With this remark I want to make explicit a symptom of the failure of Europeanization, even in its later phases, with authors we have already met, such as Abd ar-Raziq (in whom we noted a superficial knowledge of Hobbes and Locke through the use of school textbooks). Even if one invokes Taha Husayn, the most prestigious of “Occidentalists,” one may judge that to the very end of his career (in the seventies) he remained, as historian of literature, the pupil if not the disciple of Gustave Lanson, and as chronicler and critic, at best an imitator of Sainte-Beuve. He revealed himself as being a follower of older models and not as initiator opening a path in solitude. He never became an innovator who participates in the adventure of his contemporaries and works for the conquest of new terrain that would be hospitable to thought and word.

[1] But we must remember that the Crusades were preceded by the loss of Sicily (1063) and the fall of Toledo (1085).

[2] Djebbar, Une histoire de la science arabe, 56.

[3] In Japnase, the character Mei means “clear,” and Ji means “reign.” The two characters together give the image of a “clear reign,” or in French, “gouvernement éclairé,” an enlightened government. The victory of Japan over Russia in 1905 was perceived in Egypt as the sign that an oriental country can succeed in the double perspective corresponding to the program of the nationalists: to fight against the domination of Europe while at the same time adopting its civilization. For an Egyptian nationalist’s view on renovated Japan, see Mustafa Kamil book ash-Shams al-Mushriqa (“The sun that illuminates”) (Cairo,1906).

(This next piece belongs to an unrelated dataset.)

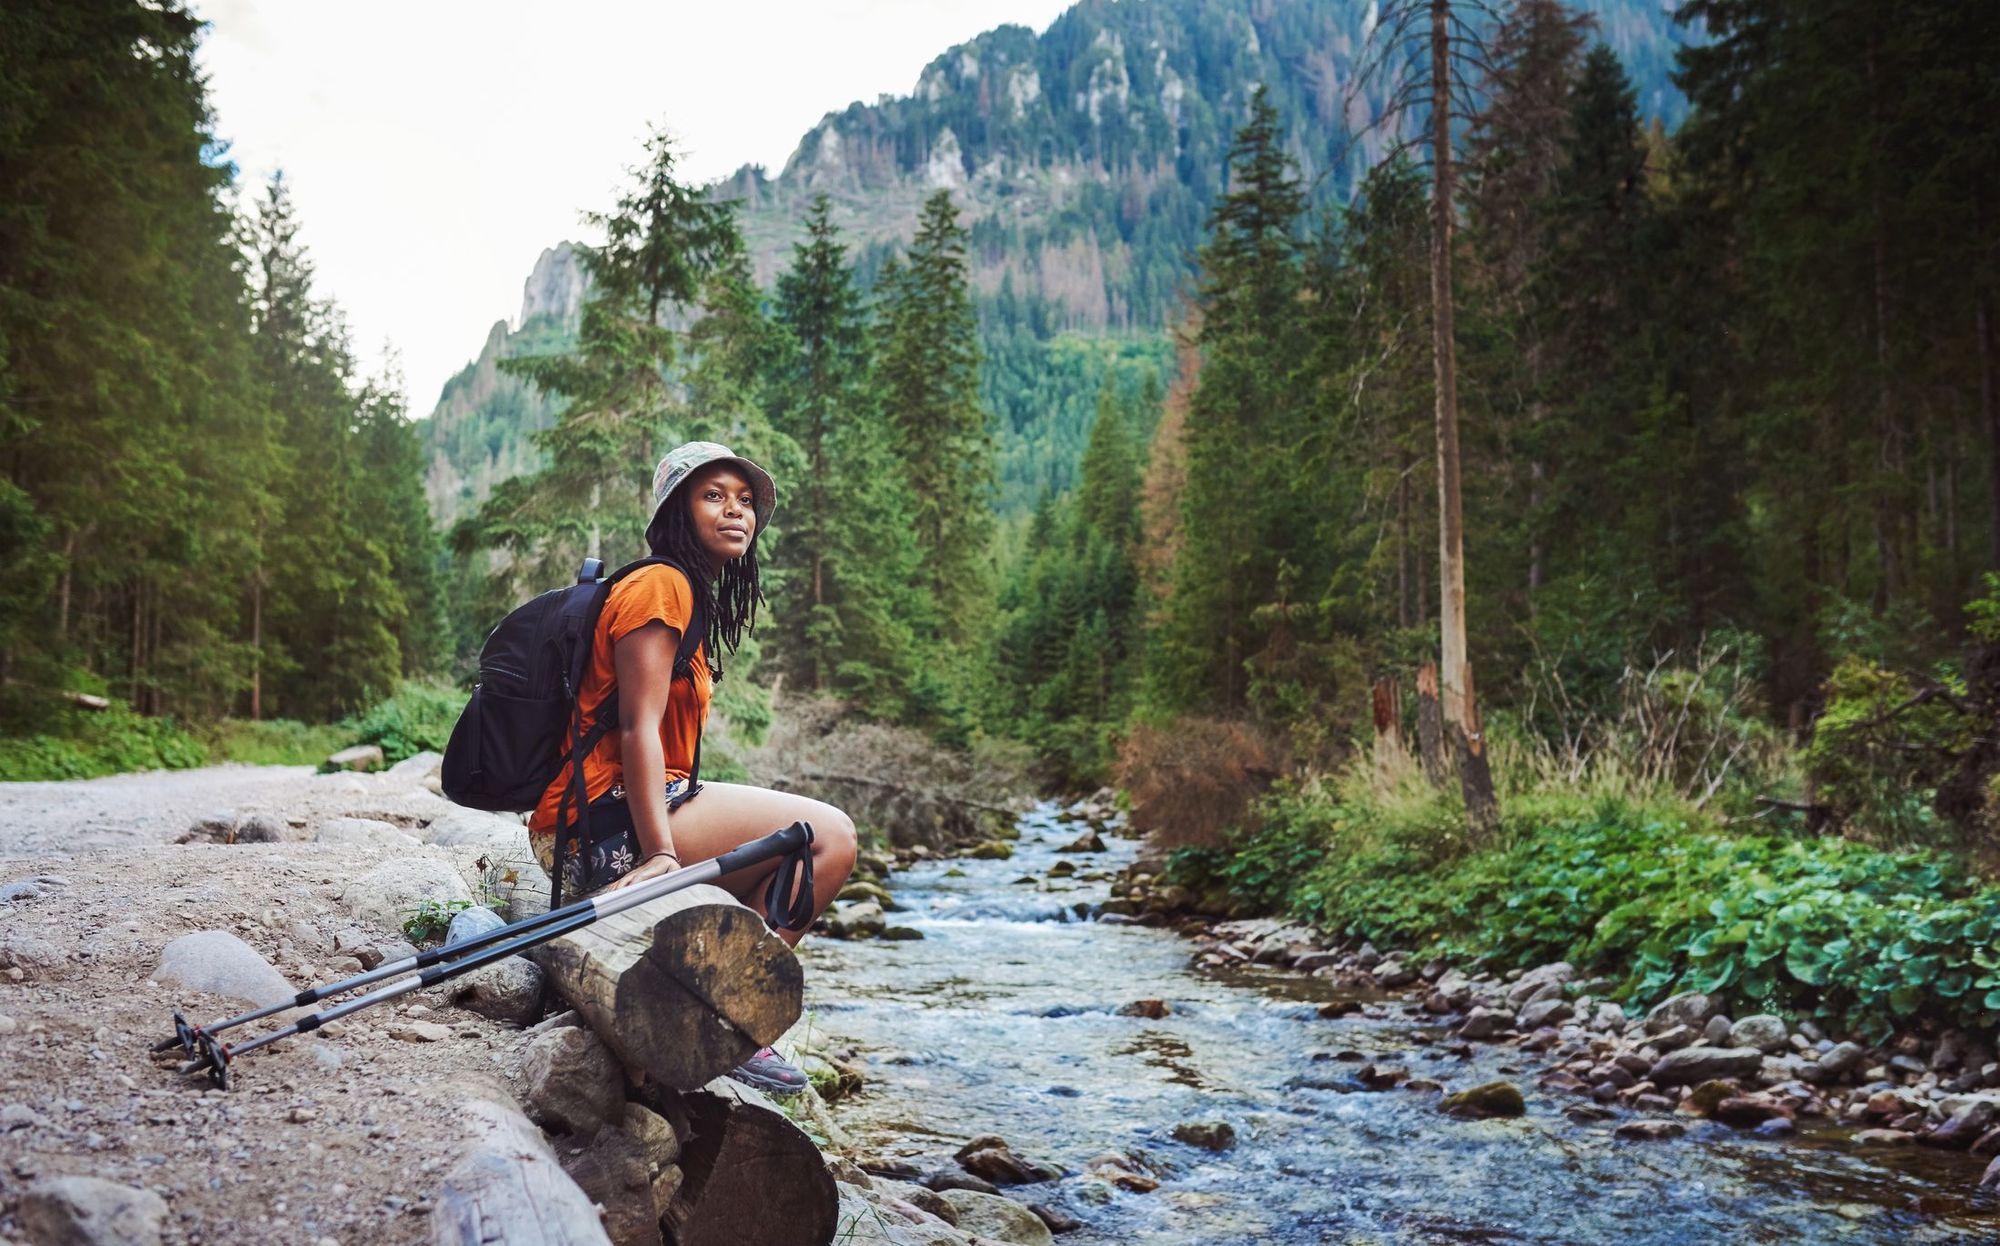 A woman hiker sits on a log by a river, listening quietly

[4]  Translator’s note: see here & here

[5] Rifa’ah al-Tahtawi gives the eclectic list of his readings during his Parisian sojourn in his book translated as L’or de Paris, trans. Anouar Louca ( Paris, Sindbad, 1988) p. 224 ff; also available in English as An Imam in Paris : al-Tahtawi’s visit to France (1826-31) / Rifa‘ah al-Tahtawi;  translated byDaniel L Newman (London : Saqi, 2002). In his introduction the French translator recalls that al-Tahtawi’s assiduously read the Aperçu historique sur les moeurs et coutumes des nations, whose author was a certain Depping. It is in fact an installment of the Encyclopédie portative ou Résumé universel des sciences, des letters et des arts. One can see toward what illusory knowledge such reading can lead; how can such minor, concise, schematic publications lead him “by the shortest roads to the discovery of unsuspected societies,” as his translator claims?

[6] Ali ‘Abd ar-Raziq, Al-Islam wa uçul al-Hukm.